== Task requirements ==
Print the lines in the listing below starting at the line with "[AUSTRALIA] - Mac" and ending at the line with "Large snake plant", both included. Reproduce them exactly and omit every picture.

== Material provided ==

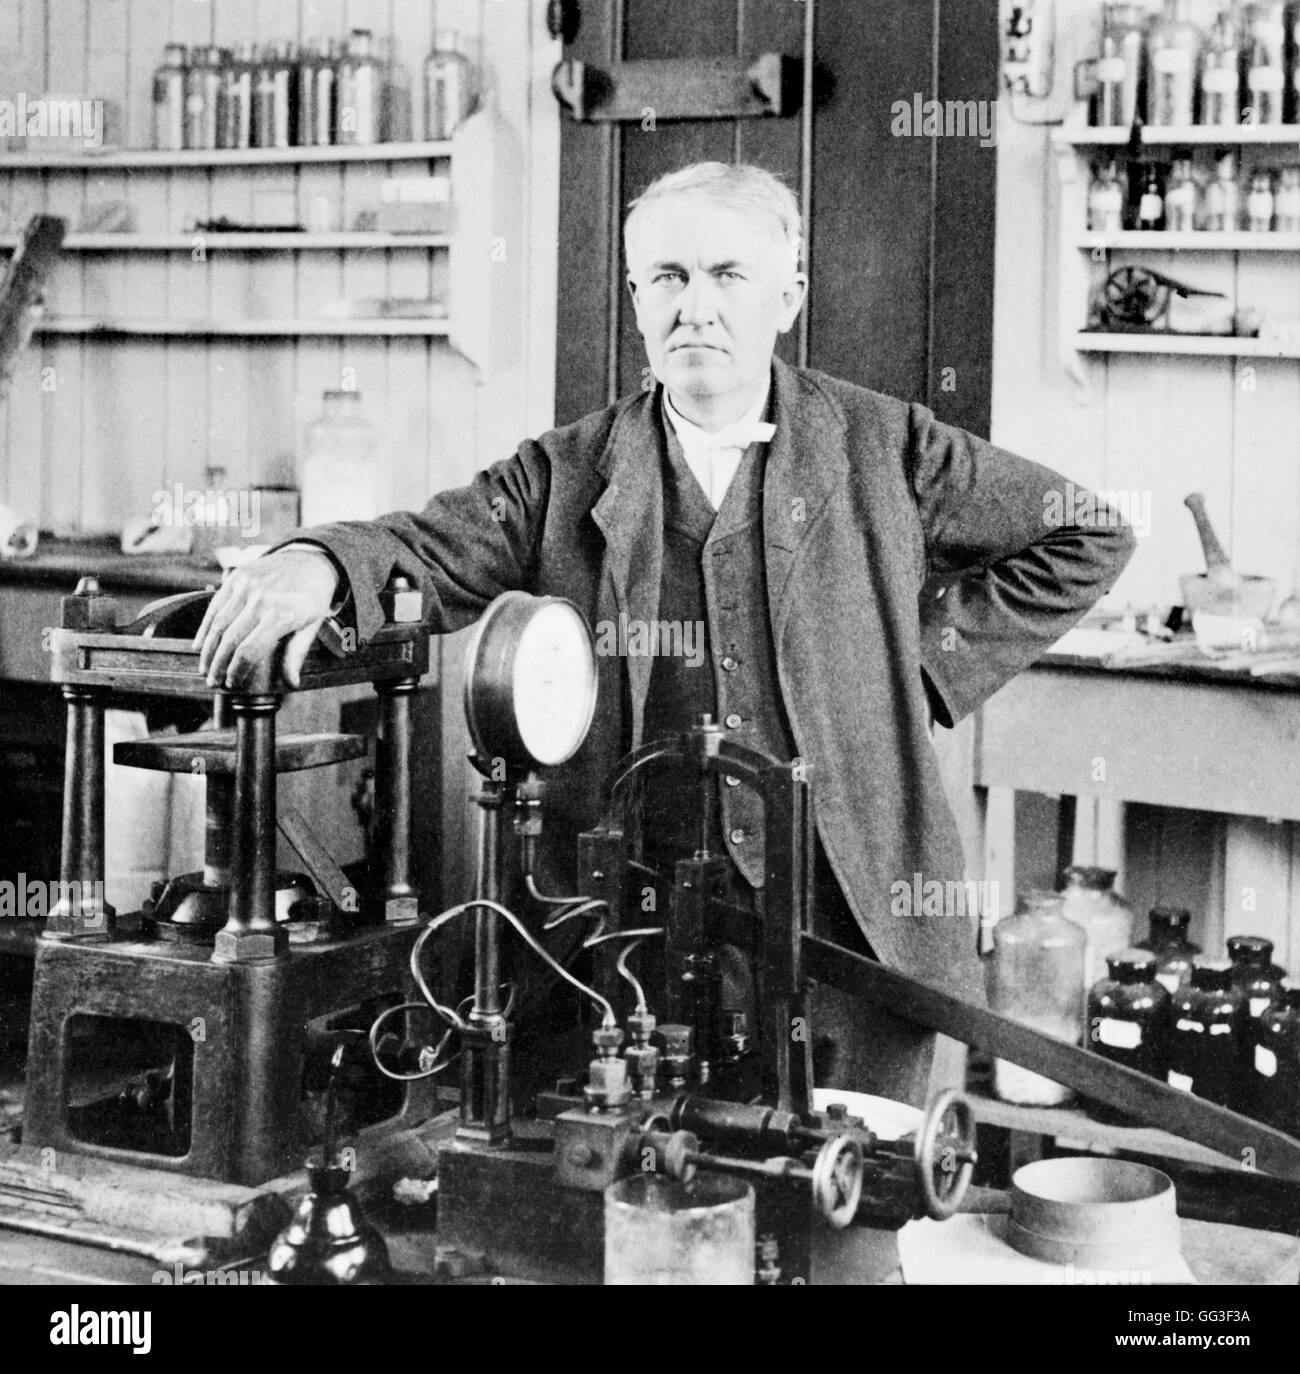 The American inventor and businessman,Thomas Edison (1847-1931), in his laboratory in East Orange, NJ, USA. Portrait by Underwood and Underwood, c.1901. Stock Photo
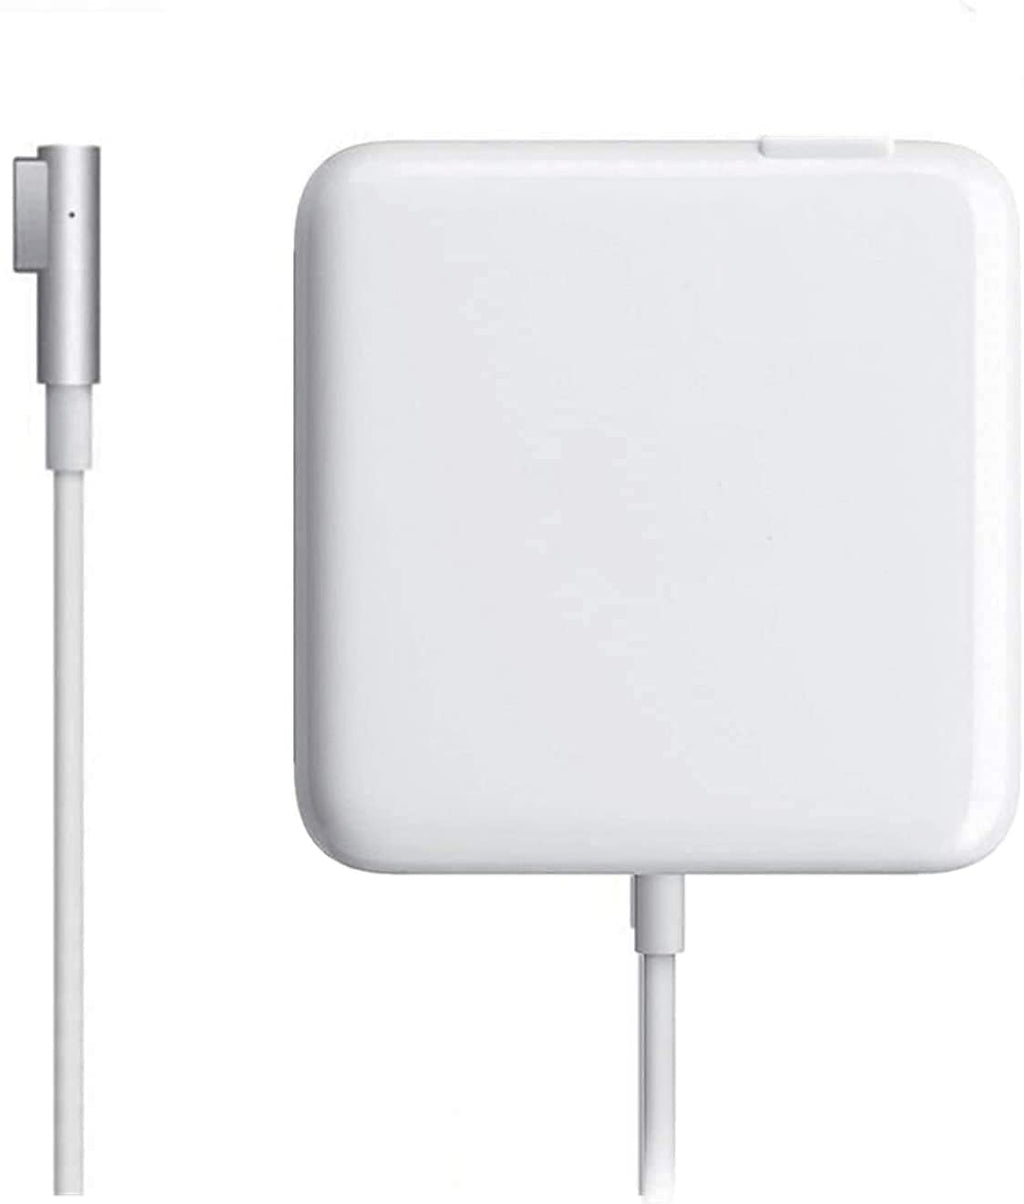  [AUSTRALIA] - Mac Book Pro Charger,60W Power Adapter L-Tip Magnetic Connector Charger and Compatible with Mac Book Pro 13 Inch Before Mid 2012,Fast Charger for Old Mac Book Pro
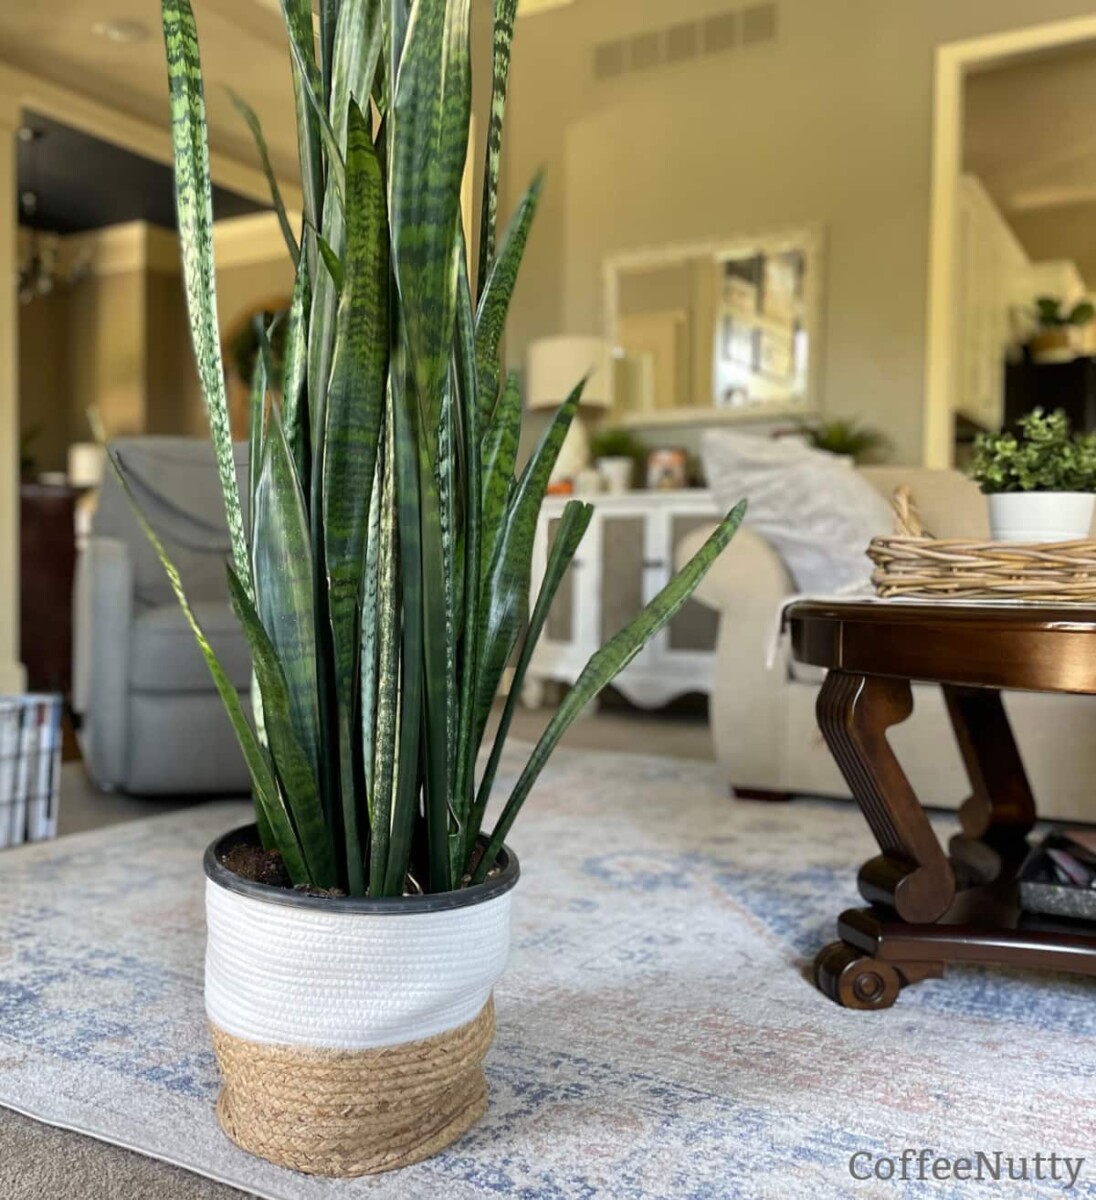 Large snake plant in brown and white basket sitting on living room rug.
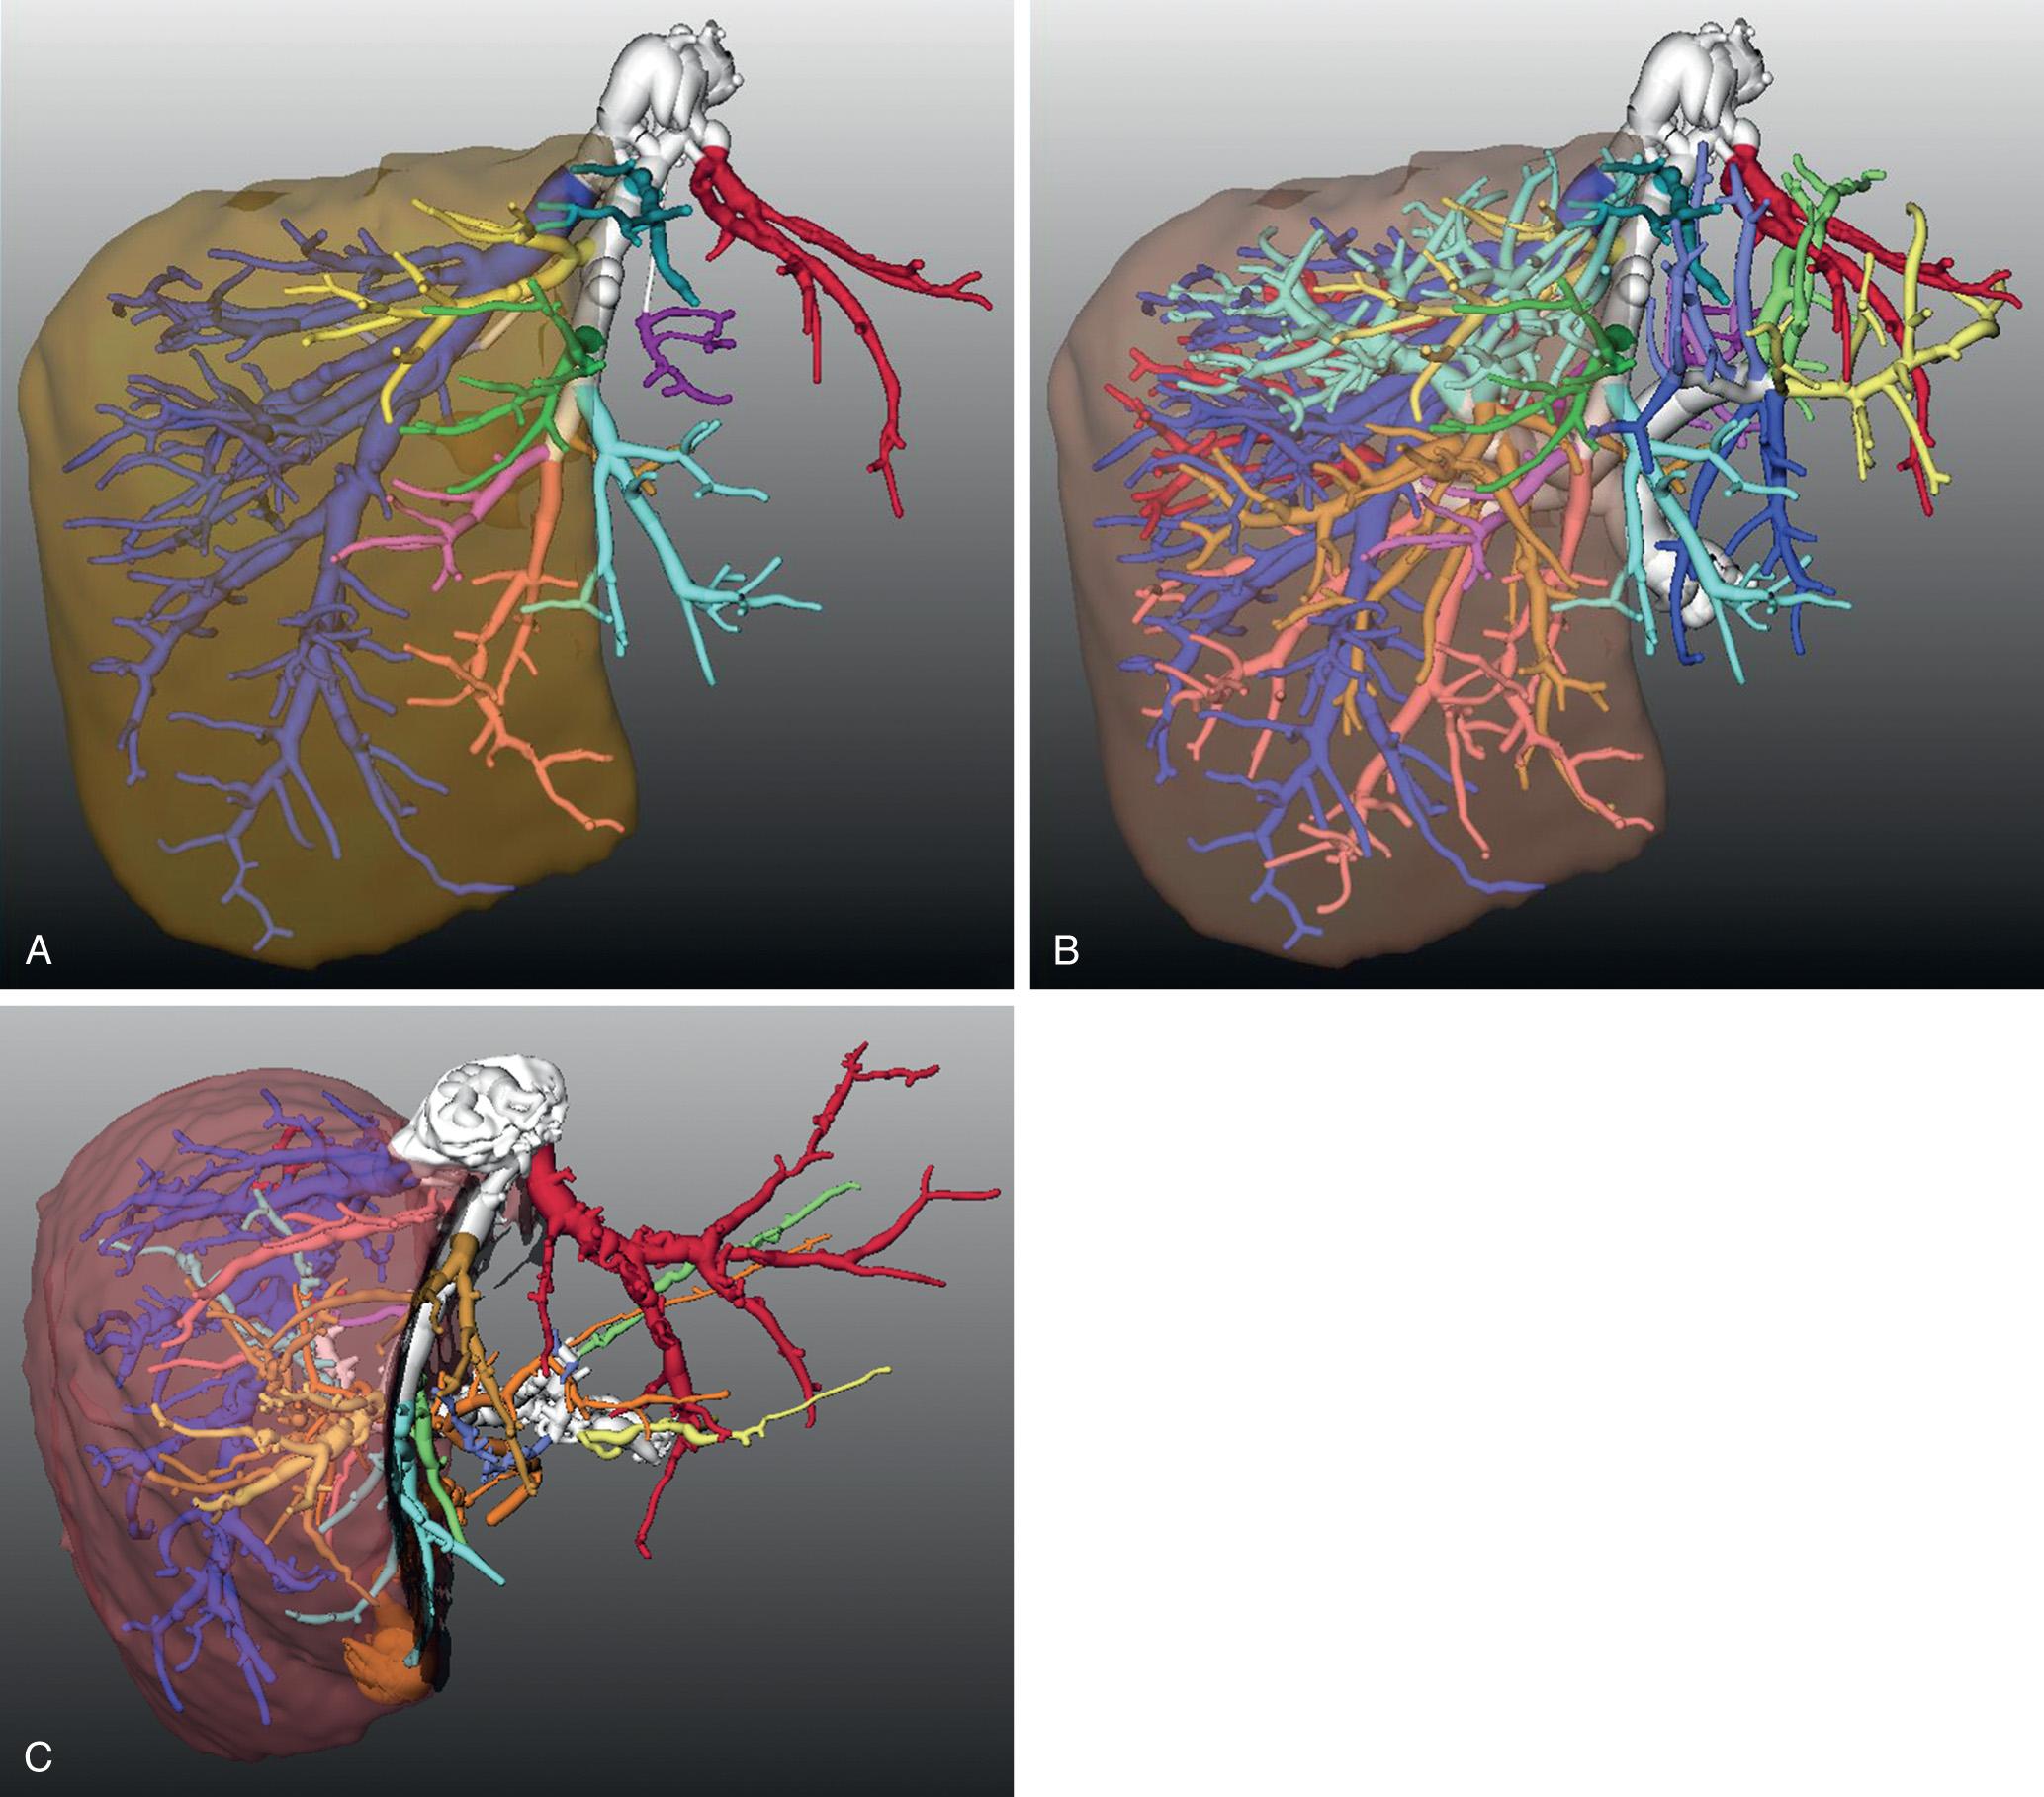 FIGURE 118.6, Virtual three-dimensional reconstruction of the liver anatomy by means of Hepavision, MeVis-Germany software. The right lobe has been reconstructed in a virtual fashion, together with the hepatic veins (A), hepatic veins and portal veins (B), and hepatic veins and biliary system (C).

== Task result ==
  [AUSTRALIA] - Mac Book Pro Charger,60W Power Adapter L-Tip Magnetic Connector Charger and Compatible with Mac Book Pro 13 Inch Before Mid 2012,Fast Charger for Old Mac Book Pro
 Large snake plant in brown and white basket sitting on living room rug.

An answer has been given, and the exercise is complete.